===== SUPPLIED MATERIAL

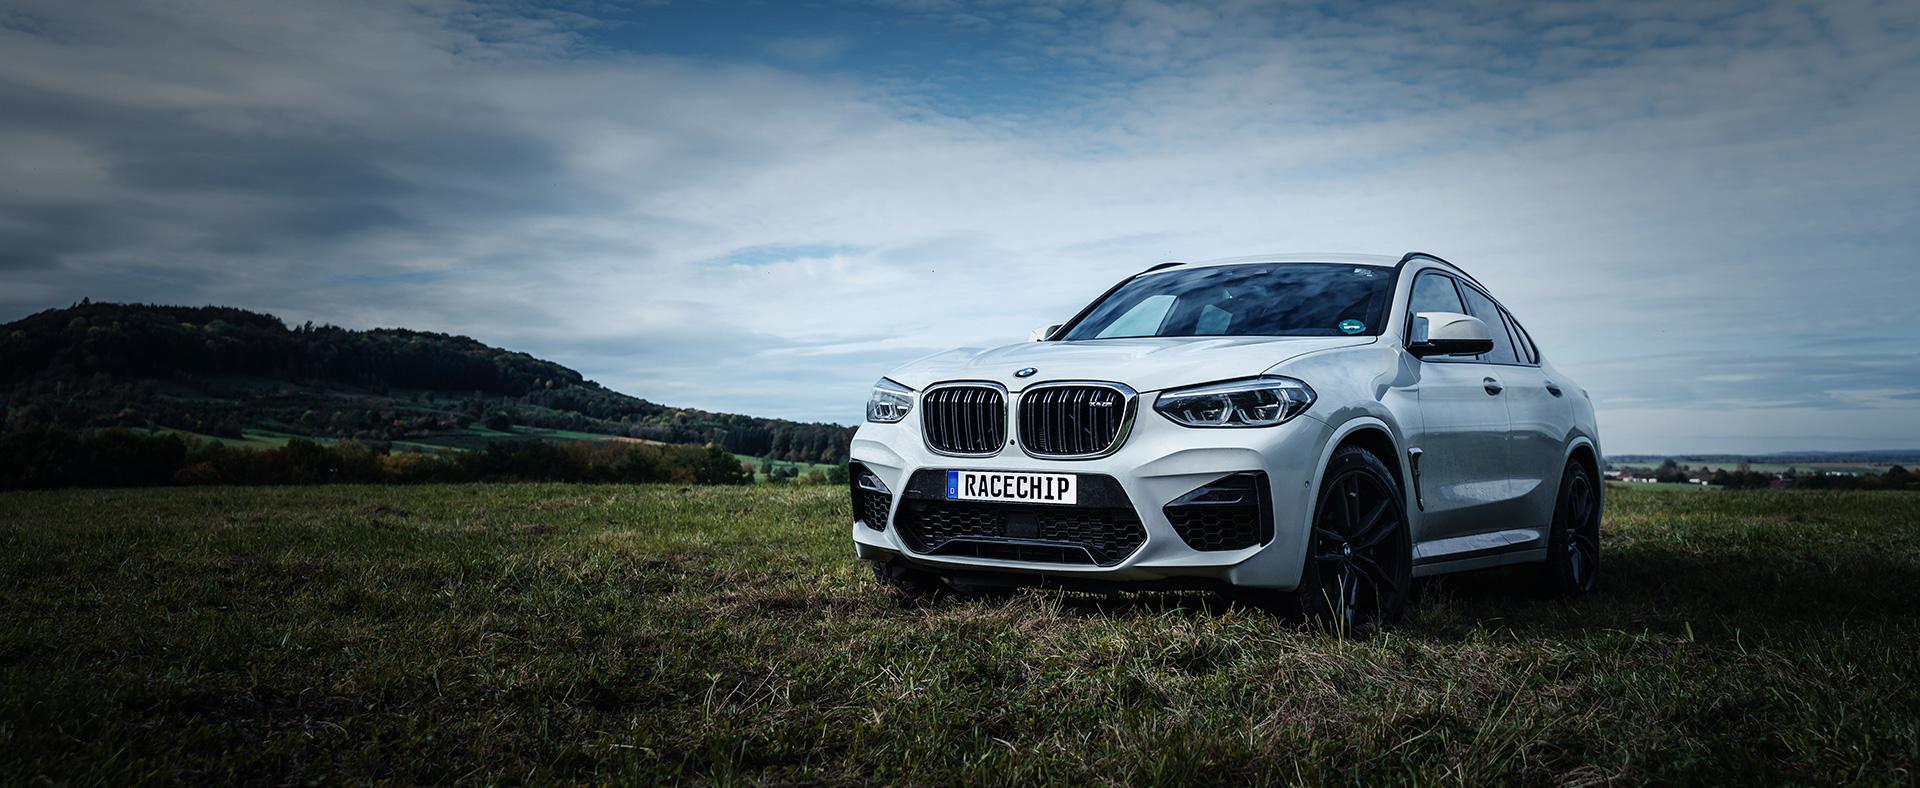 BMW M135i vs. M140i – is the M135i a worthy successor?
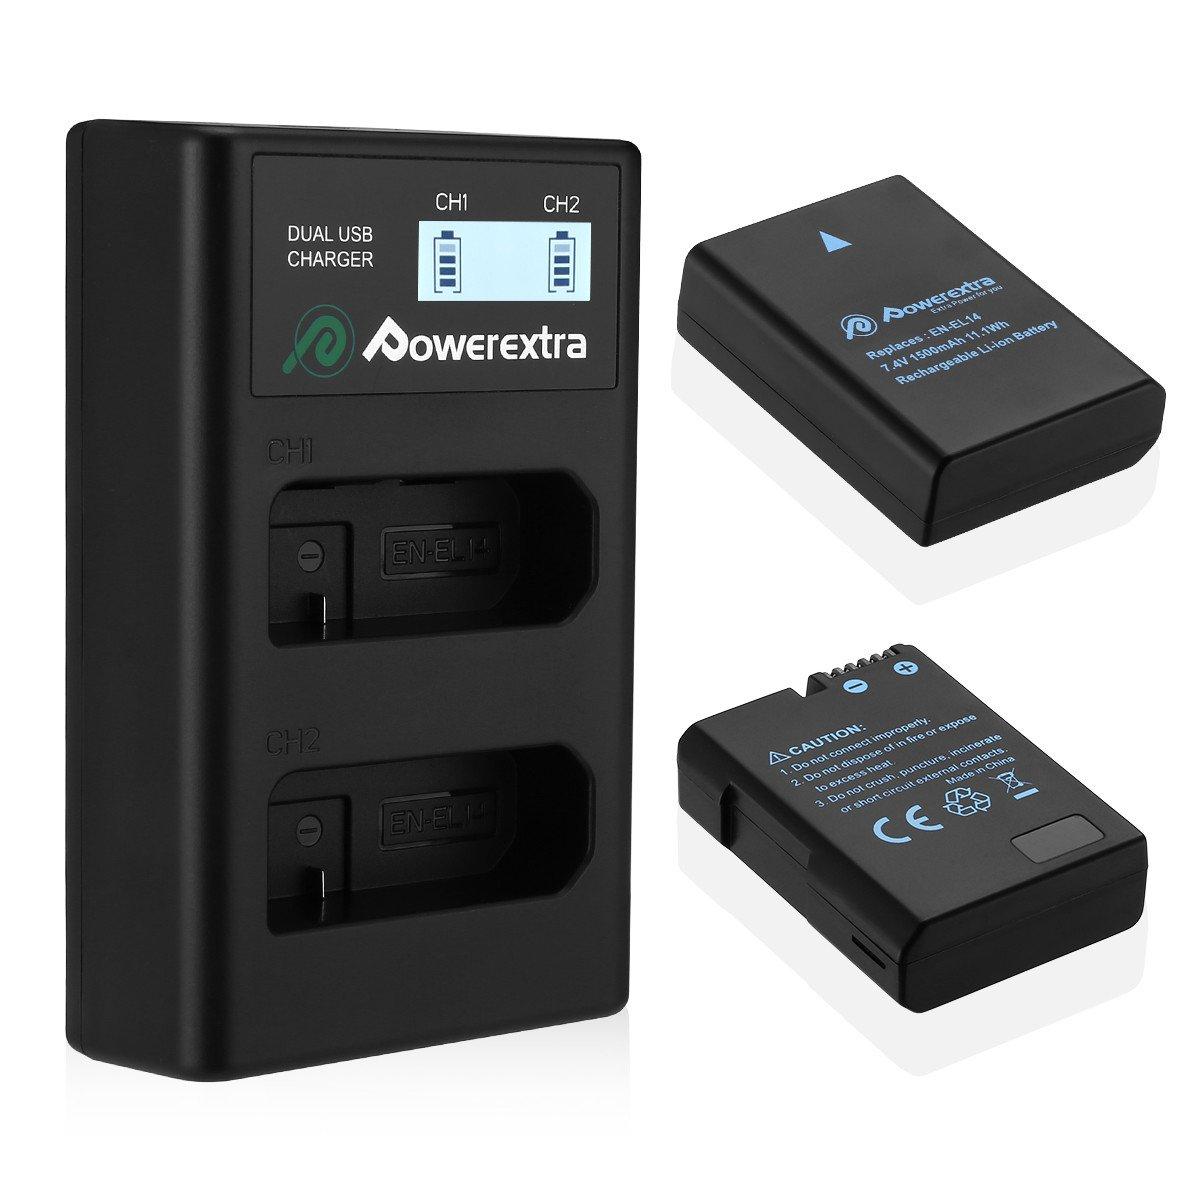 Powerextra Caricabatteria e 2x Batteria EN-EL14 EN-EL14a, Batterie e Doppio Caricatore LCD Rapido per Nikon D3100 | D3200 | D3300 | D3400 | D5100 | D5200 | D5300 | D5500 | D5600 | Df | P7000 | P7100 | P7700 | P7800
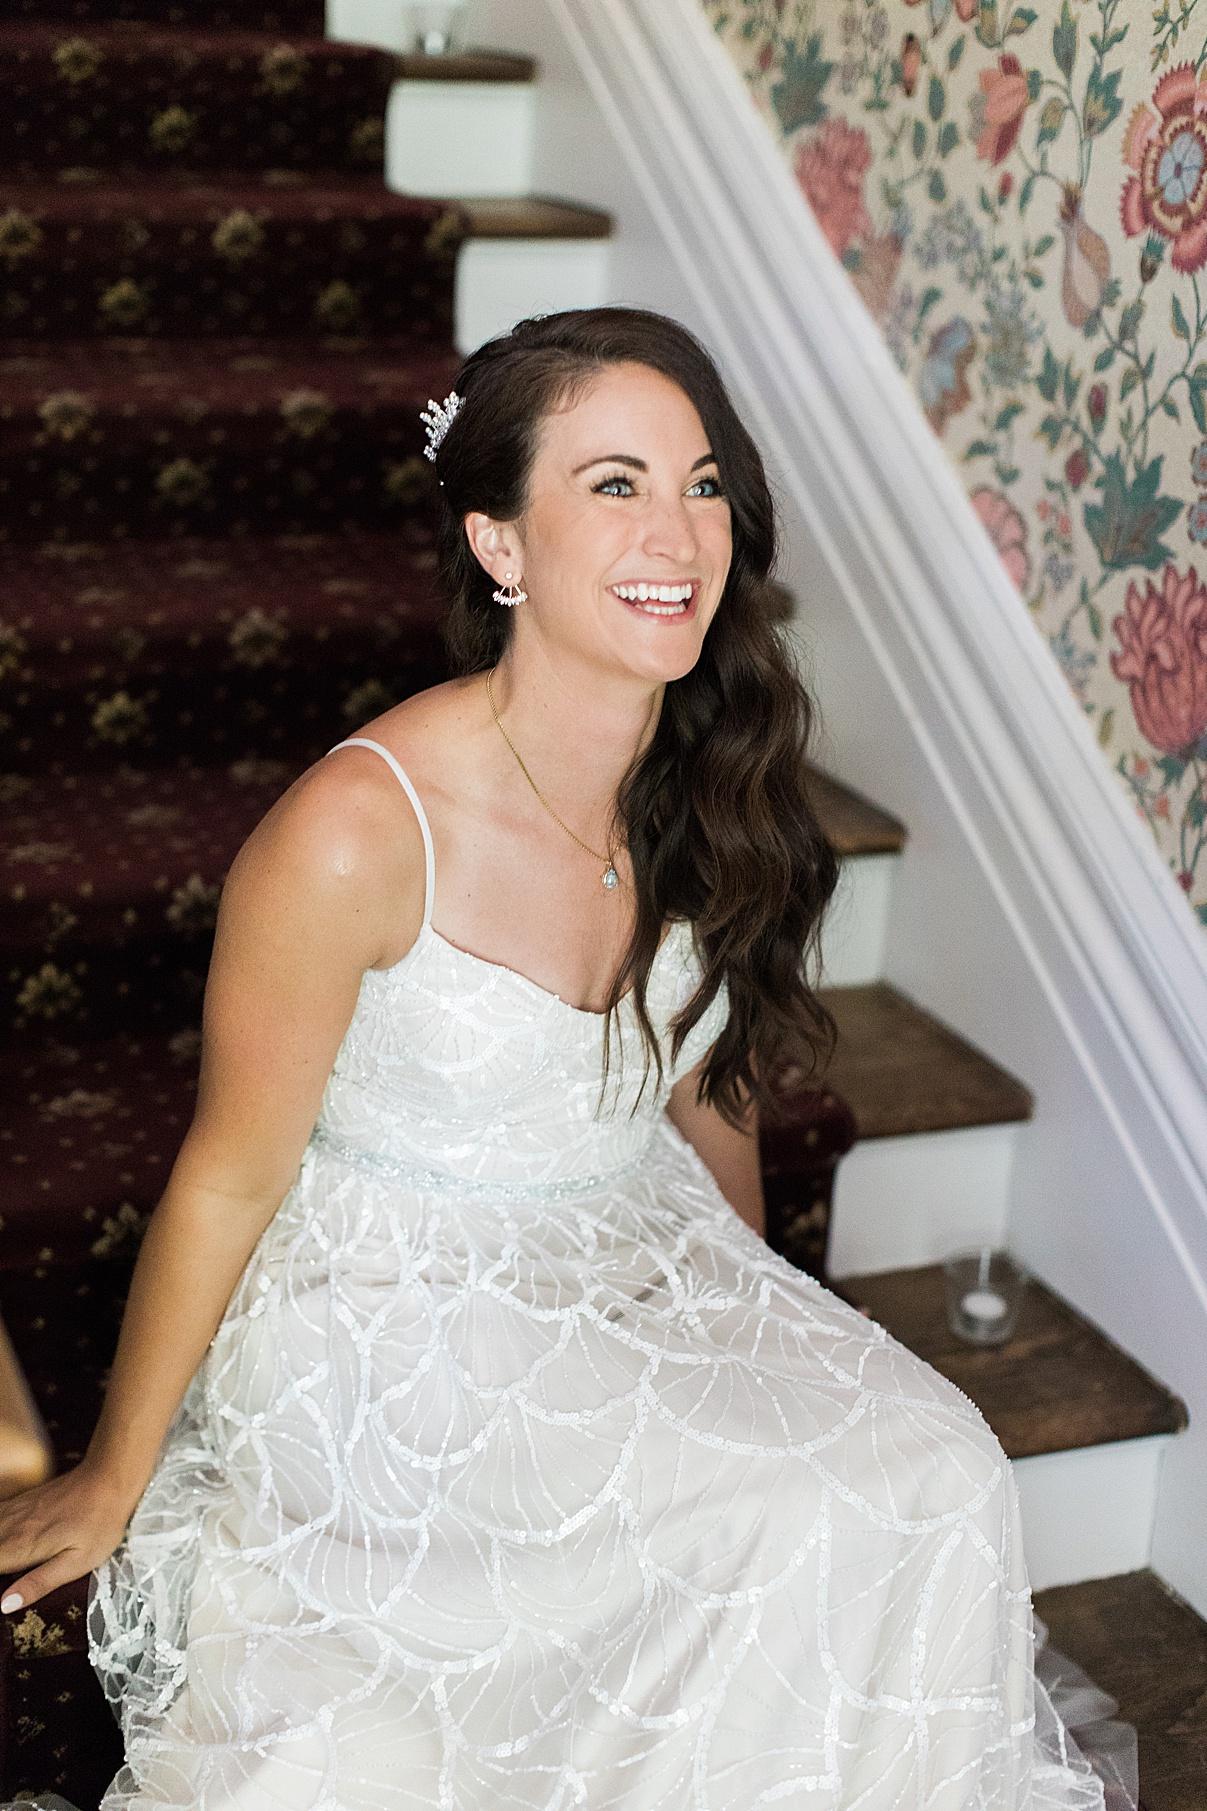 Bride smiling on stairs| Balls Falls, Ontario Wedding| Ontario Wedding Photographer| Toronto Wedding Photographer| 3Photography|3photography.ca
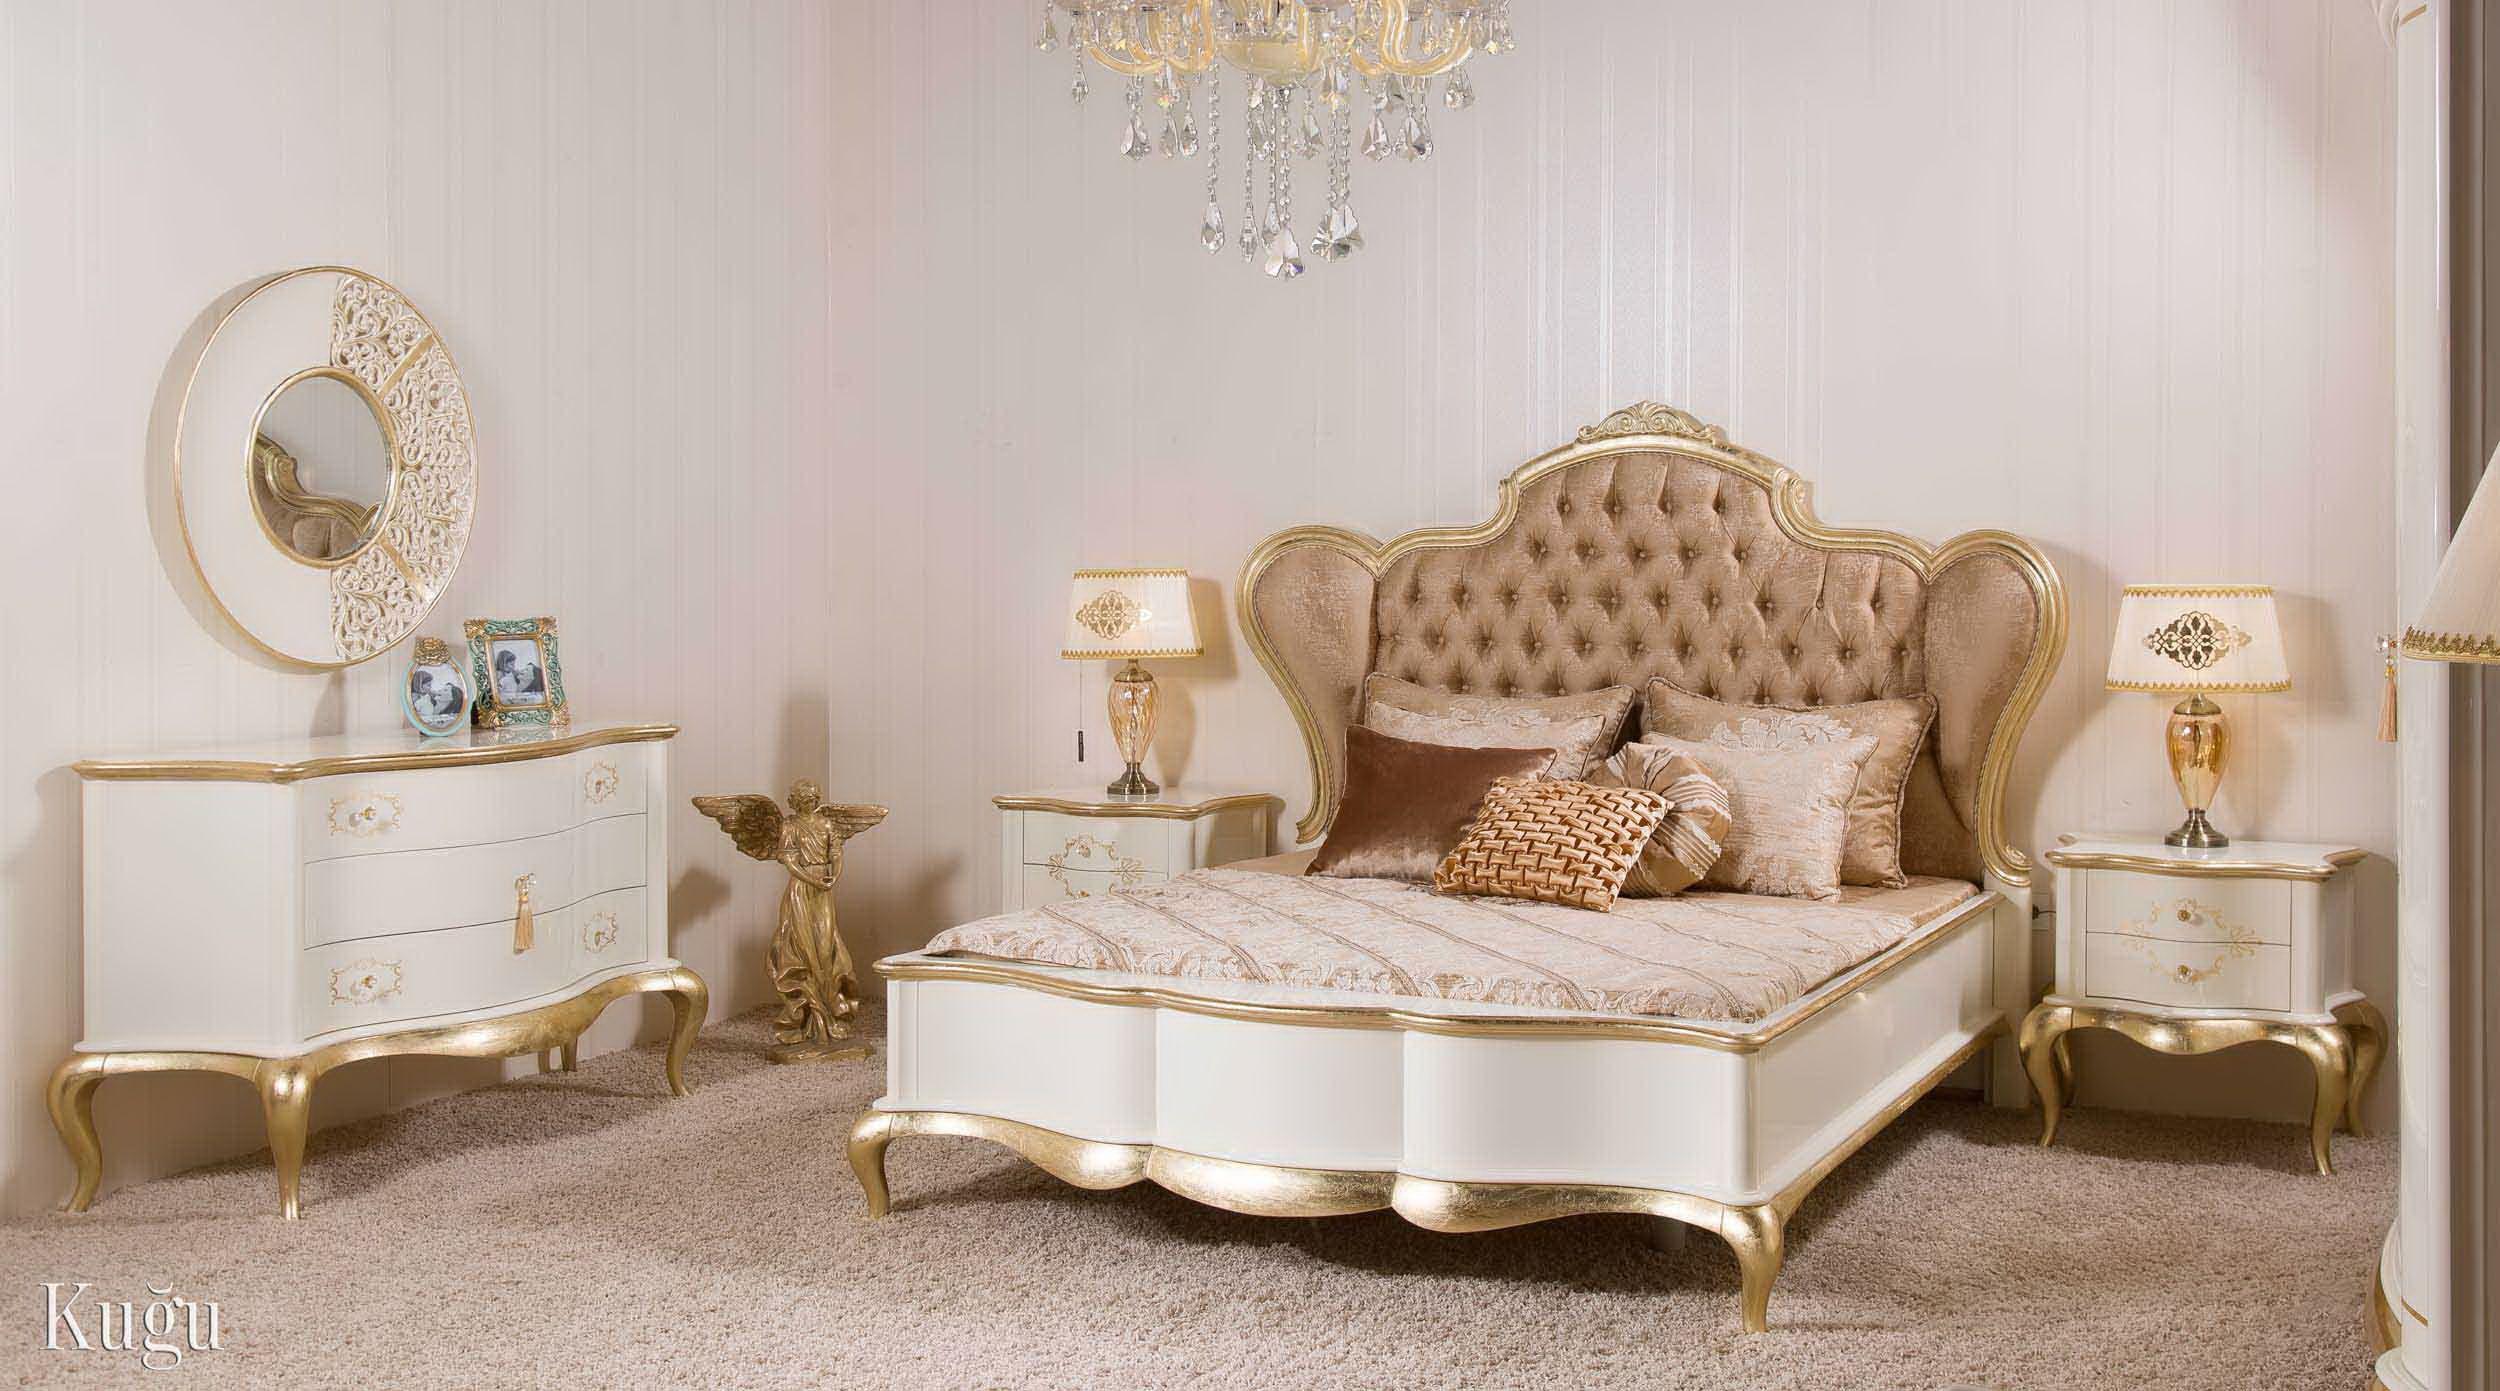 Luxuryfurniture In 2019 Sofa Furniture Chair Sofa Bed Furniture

==========

WHAT YOU WILL DO —
From the line containing "Powerextra Caricabatteria e" to the final line above, both included, transcribe every line exactly and leave all pictures out.

RESPONSE TO THE EXERCISE —
 Powerextra Caricabatteria e 2x Batteria EN-EL14 EN-EL14a, Batterie e Doppio Caricatore LCD Rapido per Nikon D3100 | D3200 | D3300 | D3400 | D5100 | D5200 | D5300 | D5500 | D5600 | Df | P7000 | P7100 | P7700 | P7800
 Bride smiling on stairs| Balls Falls, Ontario Wedding| Ontario Wedding Photographer| Toronto Wedding Photographer| 3Photography|3photography.ca
 Luxuryfurniture In 2019 Sofa Furniture Chair Sofa Bed Furniture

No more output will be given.